This publication discusses the purpose of castration in male calves as well as the different methods used to castrate. Most methods of castration cause a certain amount of pain and stress for calves, which can affect calf performance. UF/IFAS researchers recently tested different methods of castration in calves to determine the effects of each method on calf health and performance. This publication presents these results.
Purpose of Castration
Castration can effectively diminish the behavior associated with intact males and can also reduce the undesirable carcass attributes observed in intact males. Consumers in the United States prefer the tenderness, juiciness, and flavor associated with beef from young fed steers and heifers. However, cow-calf producers often cite concerns about decreased growth rate associated with castrated male calves (Lents et al. 2006) as a reason not to castrate prior to sale. Consequently, many intact male calves are sold at weaning. The task of castration often falls on the first buyer of the calf shortly after weaning. Unfortunately, castration becomes increasingly traumatic as calves grow older and heavier.
Methods of Castration
There are many accepted methods of castration for beef cattle. Some methods are more suitable for certain situations than others. The methods available for castration can be broadly classified as either surgical or bloodless. Surgical methods are more invasive and possibly more painful than bloodless methods. Surgical methods include practices such as knife cutting, the emasculator method, and the Henderson Castrating Tool™. Bloodless methods include banding techniques, Burdizzo emasculatomes, and chemical castration. In 1997, the USDA National Animal Health Monitoring System (NAHMS) reported that 55.4% of cow-calf producers used surgical castration as the primary method of castration for male beef calves. However, herd size was a factor in the method used, as 80.5% of operations with =300 head used surgical castration. Operations with =50 head were almost equally split between using either a surgical method (49.4%) or a banding method (43.7%) (NAHMS 1997).

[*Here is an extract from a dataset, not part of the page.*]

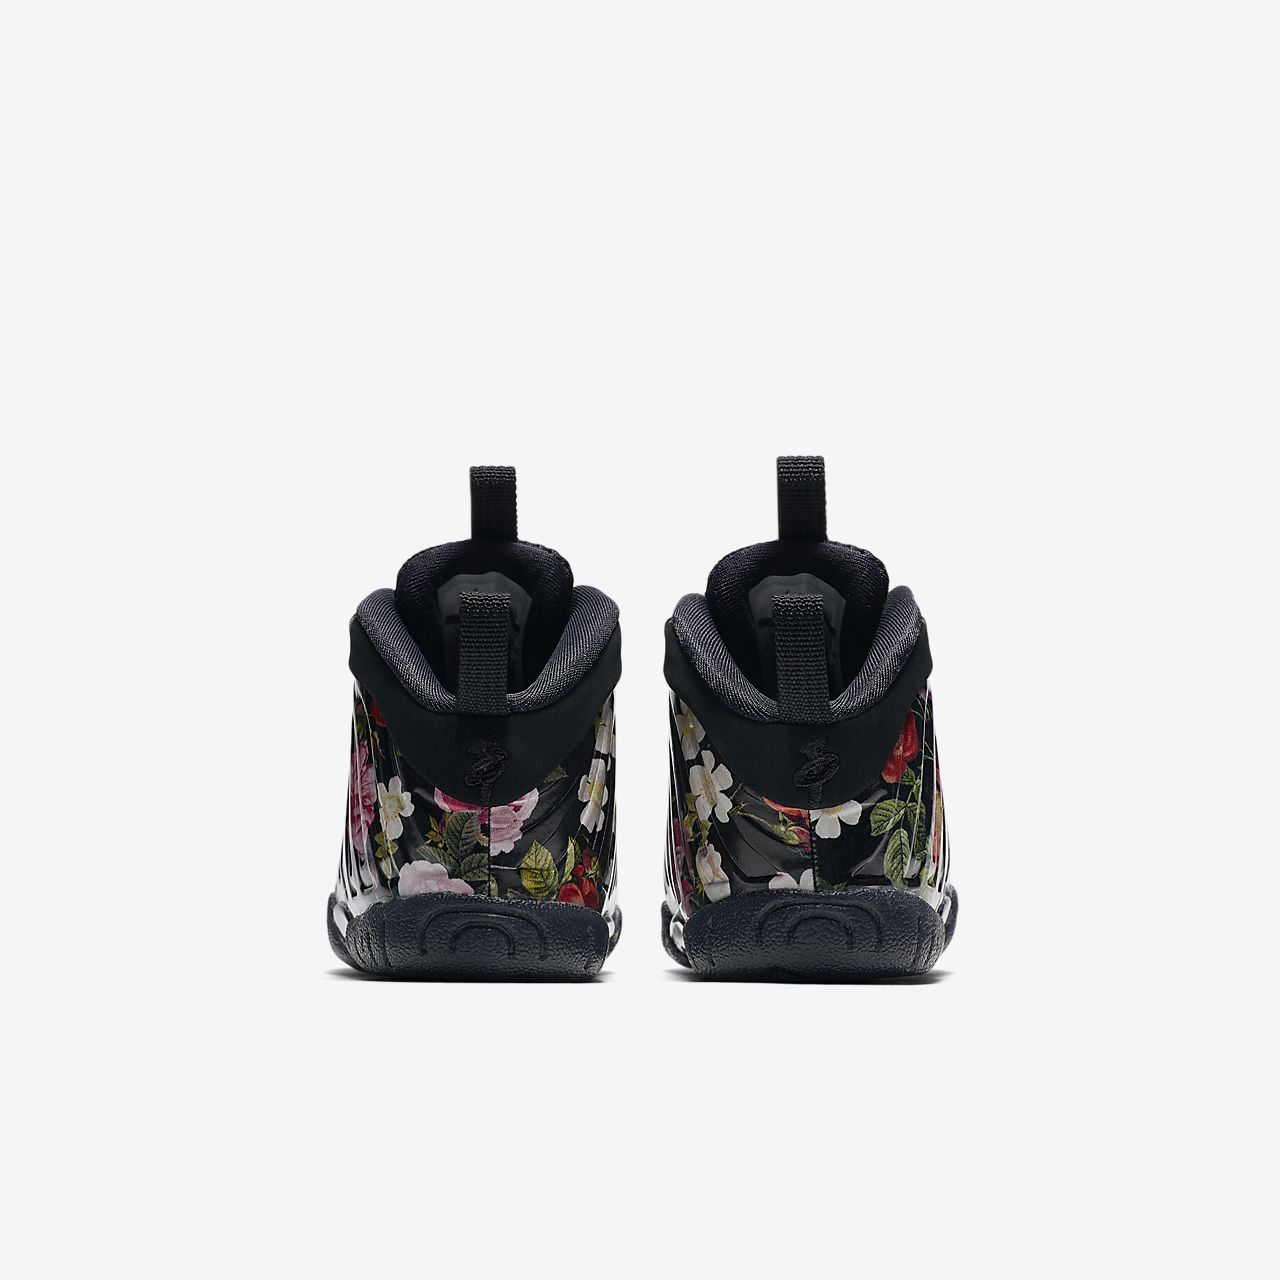 timeless design 2fb1b 98d30 ... Nike Little Posite One PRM TD Floral 婴童运动童鞋

Surgical castration can be accomplished through a variety of methods and combinations of methods. Jensen, Parsons, and England (2006) describe that the initial incision or opening of the scrotum can be accomplished with either a knife or scalpel. The testicles should be pushed into the upper portion of the scrotum with the lower half being removed; this provides adequate drainage. Additionally, a Newberry castrating knife may be used during the surgical procedure. This tool is used to incise the scrotum on the sides, leaving an anterior and posterior flap to access the testicles and provide drainage.

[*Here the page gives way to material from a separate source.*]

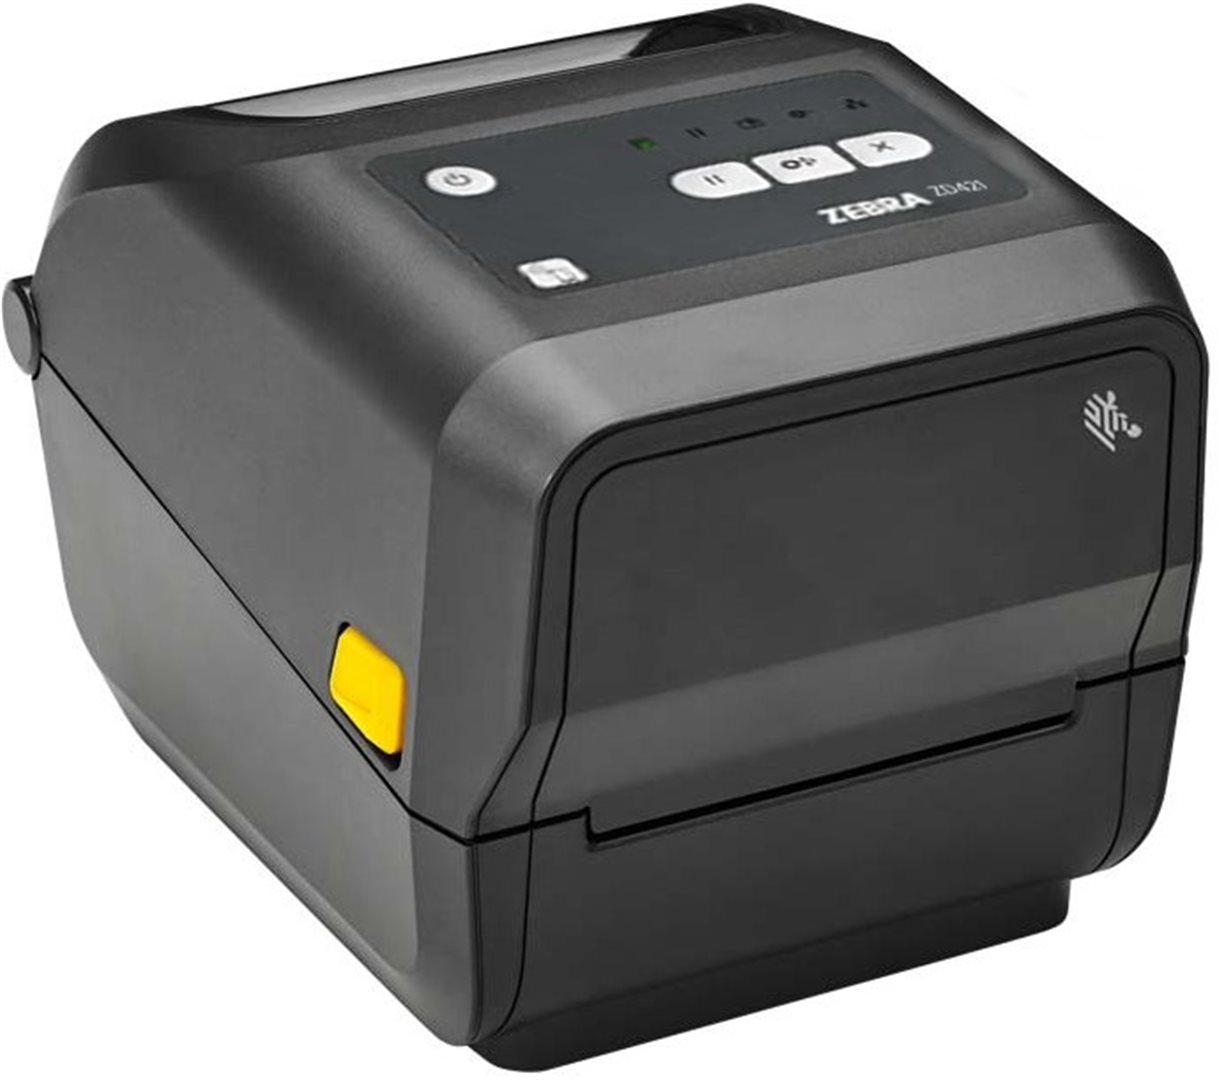 ZD421d - DT, 300 dpi, USB, Wi-Fi, BT

Once the scrotum has been incised using any of these methods, the testicles must be removed. This can be accomplished by severing the spermatic cords, scraping the spermatic cord to gradually separate the tissues and vessels, and gently pulling the testicle until the spermatic cord breaks, or by using the emasculator tool or Henderson Castrating Tool™. The emasculator tool can be used to remove the testicles during surgical castration by cutting the spermatic cord and crushing the blood vessels to mitigate post-castration bleeding and hemorrhage. The Henderson Castrating Tool™ is designed to be more effective on older bulls. The tool fits on a variable speed drill and is clamped on the spermatic cord near the testes. The drill is then slowly rotated until the testicle is removed by approximately 20 rotations of the drill (Jensen, Parsons, and England 2006).

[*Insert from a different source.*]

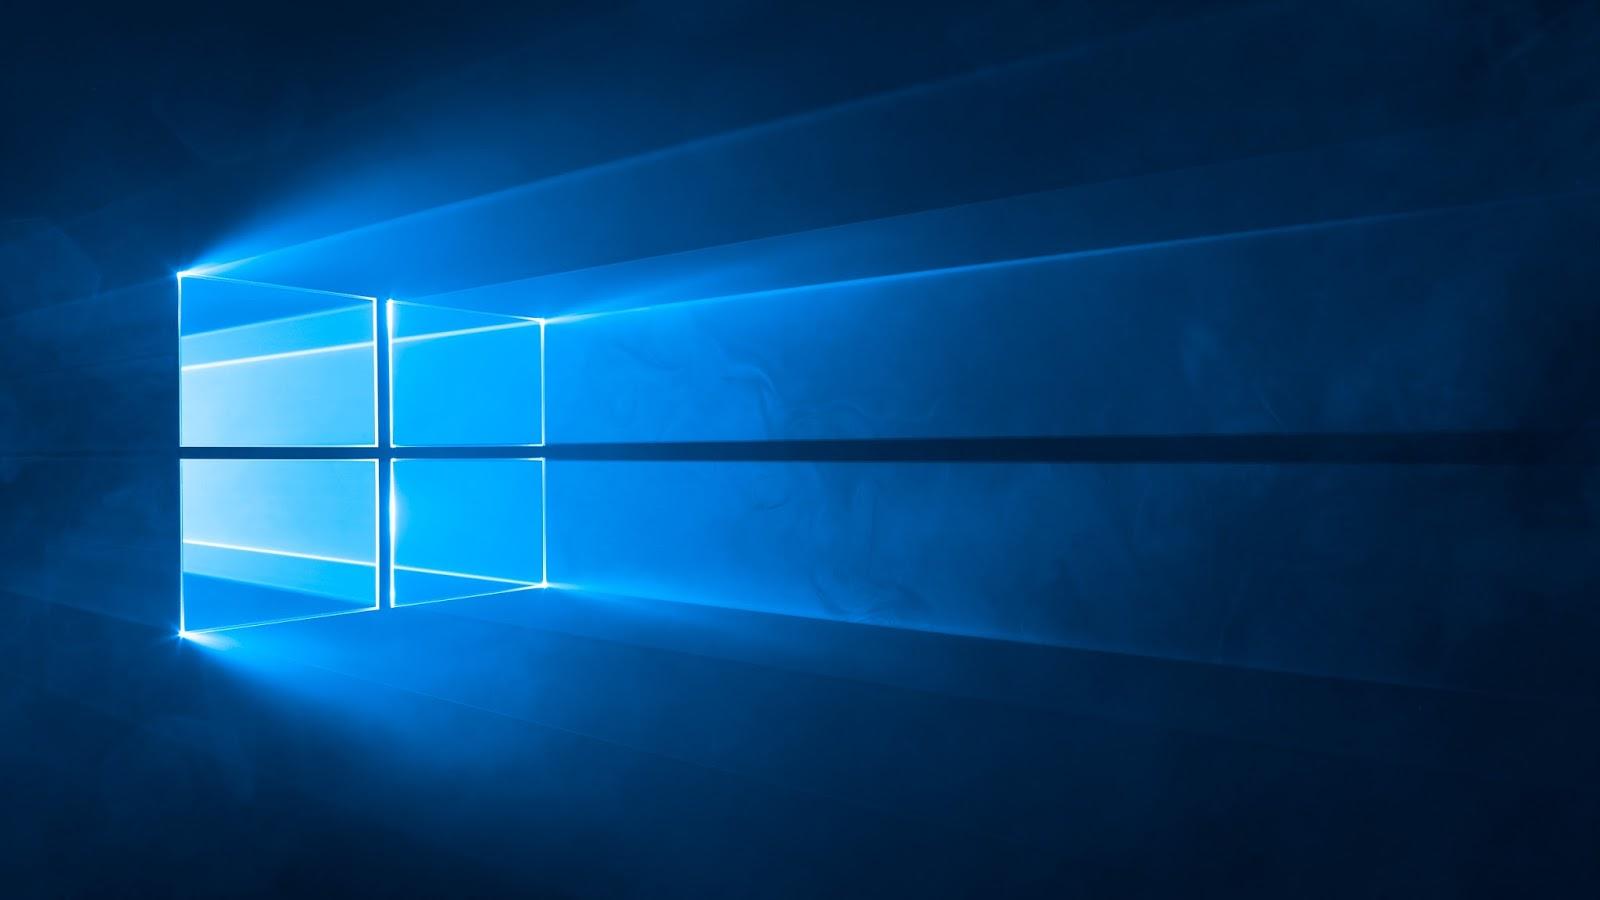 44 Download Wallpaper Windows 10 On Wallpapersafari

There is also a variety of bloodless castration methods that castrate cattle with minimal blood loss and perceivably less stress. Capucille, Poore, and Rogers (2002) report that these methods involve interrupting the blood supply to the testes and scrotum without causing hemorrhaging. The processes commonly used are the elastrator, Callicrate Bander™, EZE Bloodless Castrator™, California Bander™, and Burdizzo emasculatome.
Elastrators are used to stretch an elastrator band, so the band can be applied around the scrotum as close to the body as possible. The Callicrate Bander™ and EZE Bloodless Castrator™ require larger elastic tubes that are fitted around the scrotum and then tightened by a ratcheting mechanism on the tool. A metal grommet is then crimped around the band to hold tension on the band. The tools have been designed with a tension indicator because under-tightening can cause complications and over-tightening can lead to broken bands and unsuccessful castration. The California Bander™ is different than other methods because it requires large elastic bands. The bands are manually stretched around the scrotum and fitted into a metal clip, which holds tension on the band.
There is a risk of anaerobic infections such as tetanus when using banding methods. Calves should be vaccinated with tetanus toxoid 7–10 days before banding and receive boosters at castration to mitigate the risk of tetanus.
Another method of bloodless castration is the Burdizzo emasculatome. This tool was designed to castrate calves without the potential complications associated with surgical castration or the banding procedure. The Burdizzo facilitates castration by crushing the spermatic cords without incising the scrotum, so there is no open or bleeding tissue. This method is intended for use in young immature male calves as older, heavier bulls tend to have larger cremaster muscles that may hinder proper crushing of testicular vasculature (Capucille, Poore, and Rogers 2002).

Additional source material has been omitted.